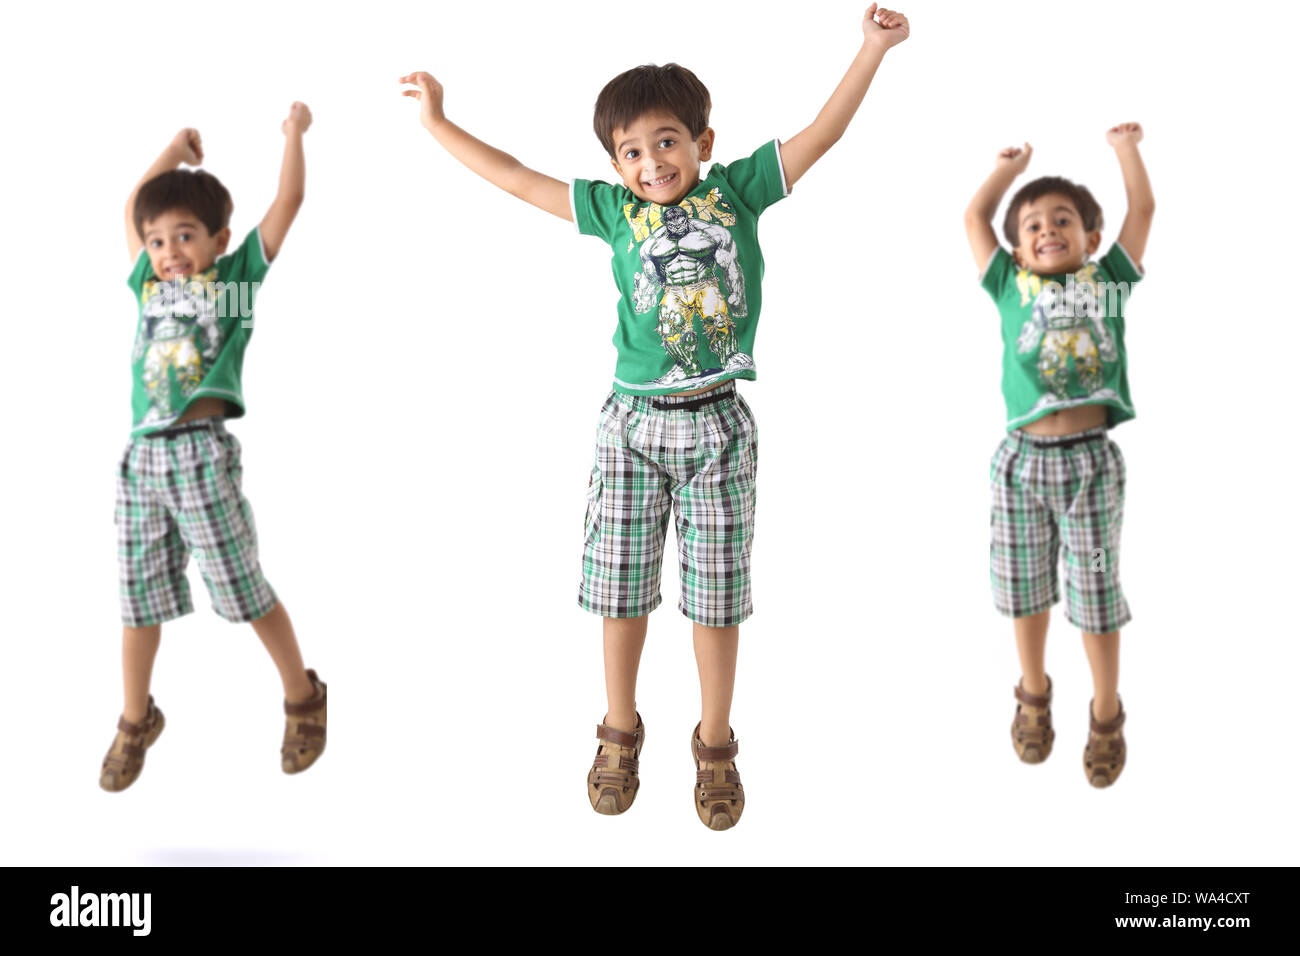 Immagini multiple di un ragazzo che salta in aria e sorride Foto Stock
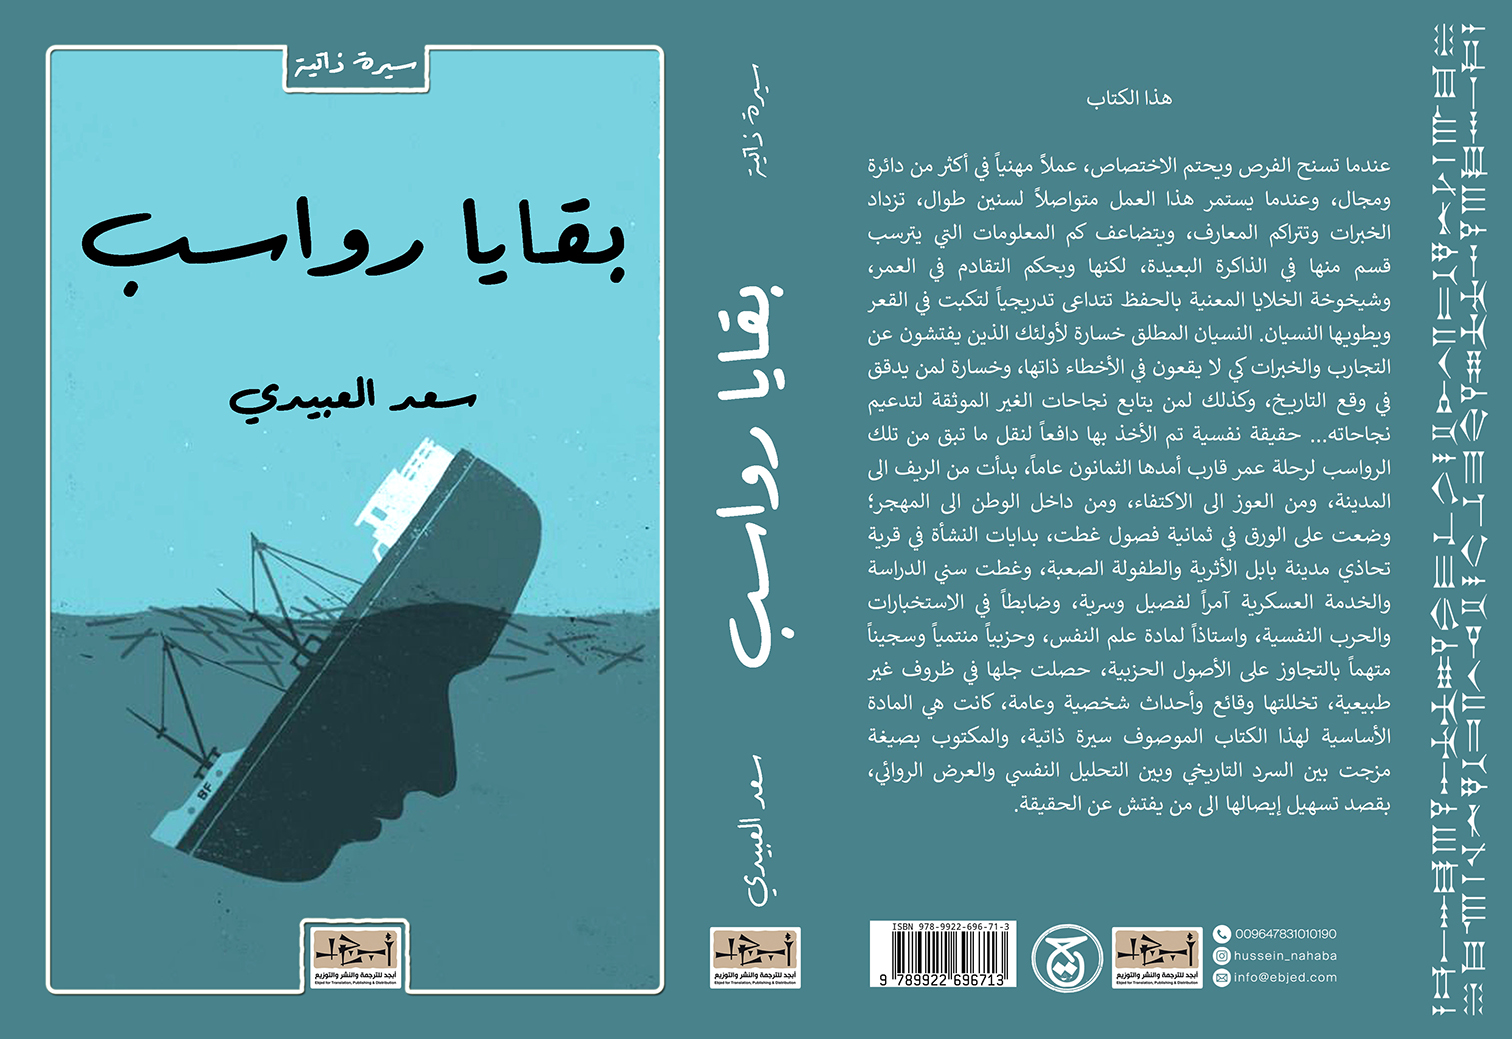 عنوان الكتاب: بقايا رواسب تأليف: سعد العبيدي التصنيف: سيرة ذاتية
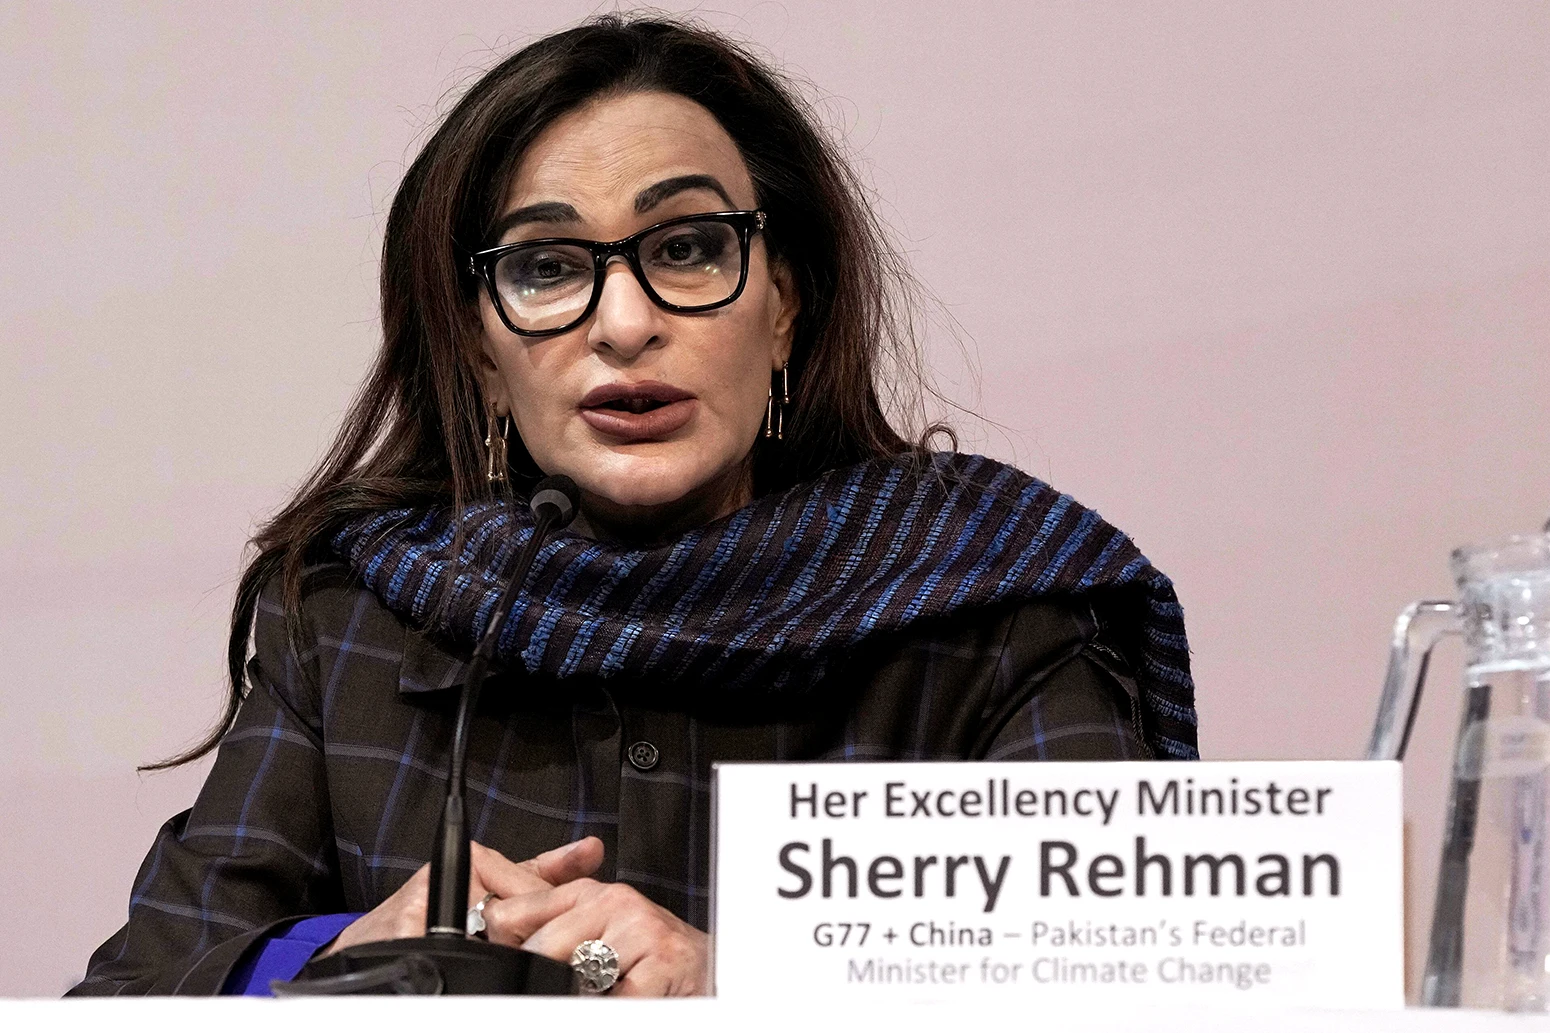 27 年 17 月 2022 日，巴基斯坦气候变化部长雪莉·拉赫曼 (Sherry Rehman) 在 COPXNUMX 上发言。
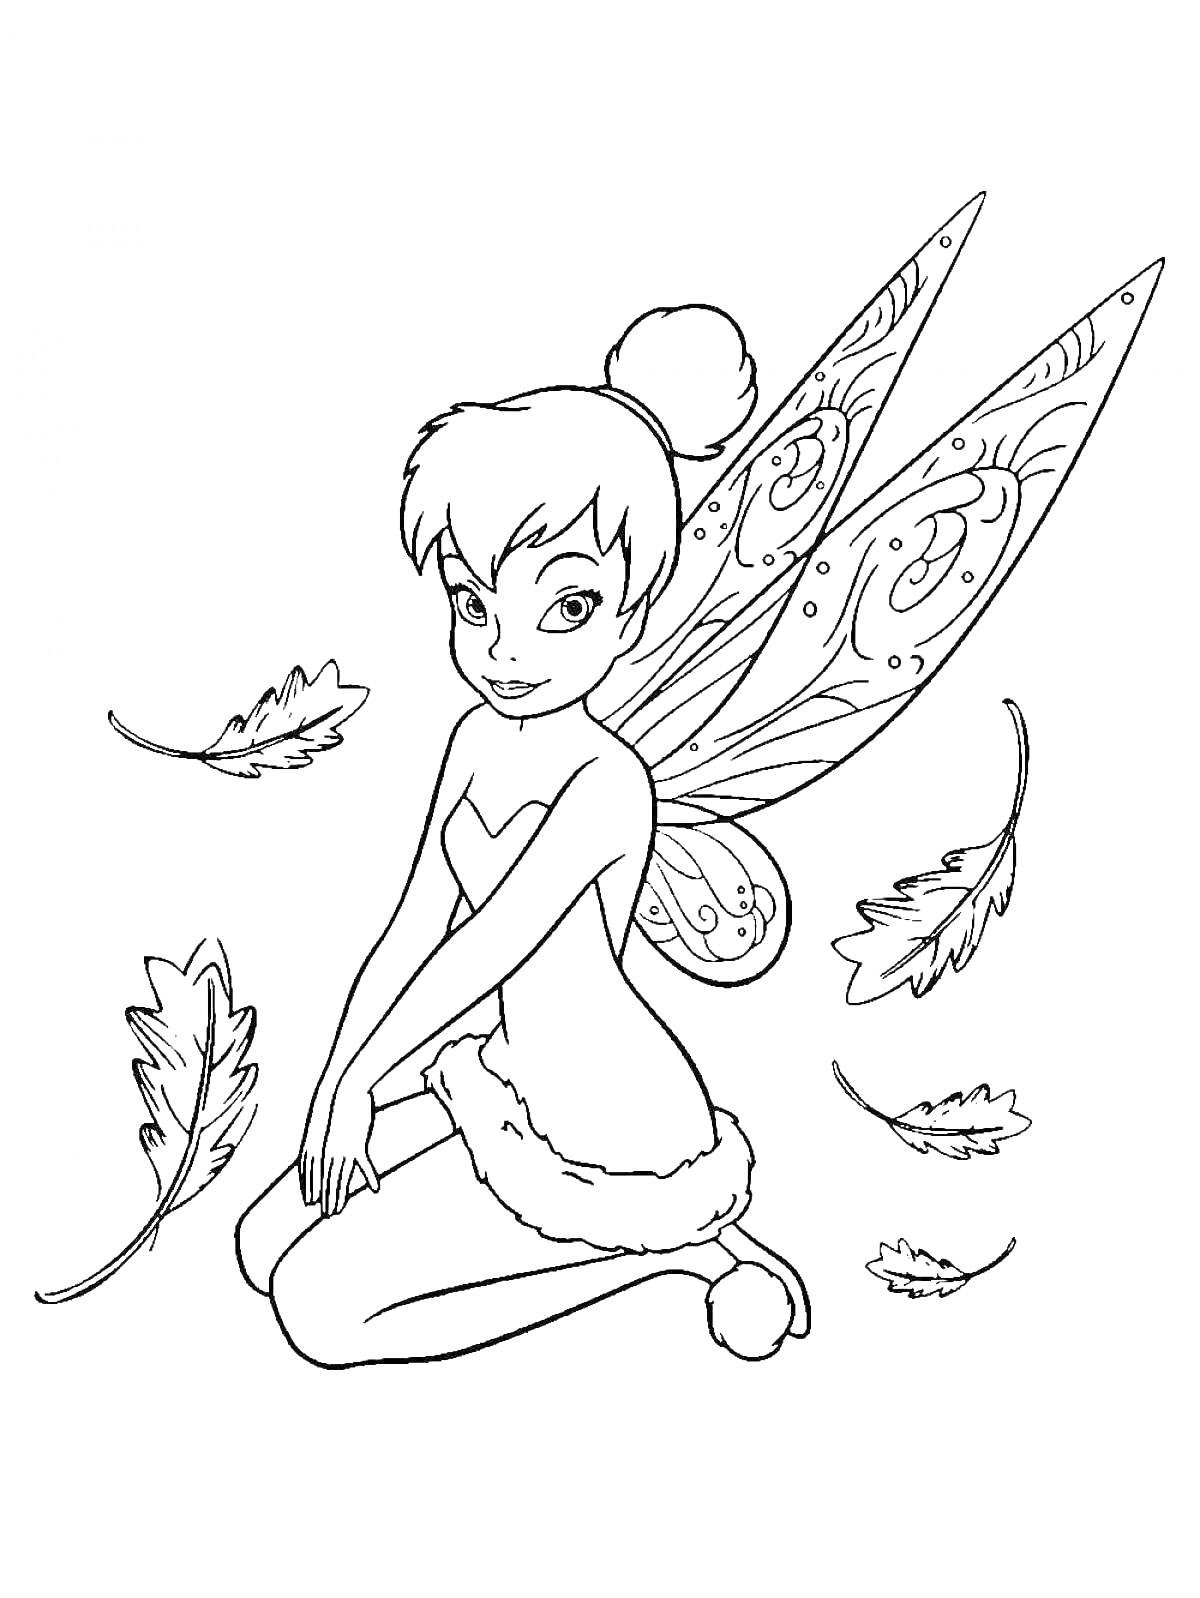 Раскраска Фея Динь-Динь сидит на корточках с узорчатыми крыльями и пушистыми элементами одежды, листья вокруг

Try it
Repeat word for word only the lines from the line holding "27 年 17 月 2022" to the final line of the material, both included. Don't carry over any picture.

Response area
 27 年 17 月 2022 日，巴基斯坦气候变化部长雪莉·拉赫曼 (Sherry Rehman) 在 COPXNUMX 上发言。
 Раскраска Фея Динь-Динь сидит на корточках с узорчатыми крыльями и пушистыми элементами одежды, листья вокруг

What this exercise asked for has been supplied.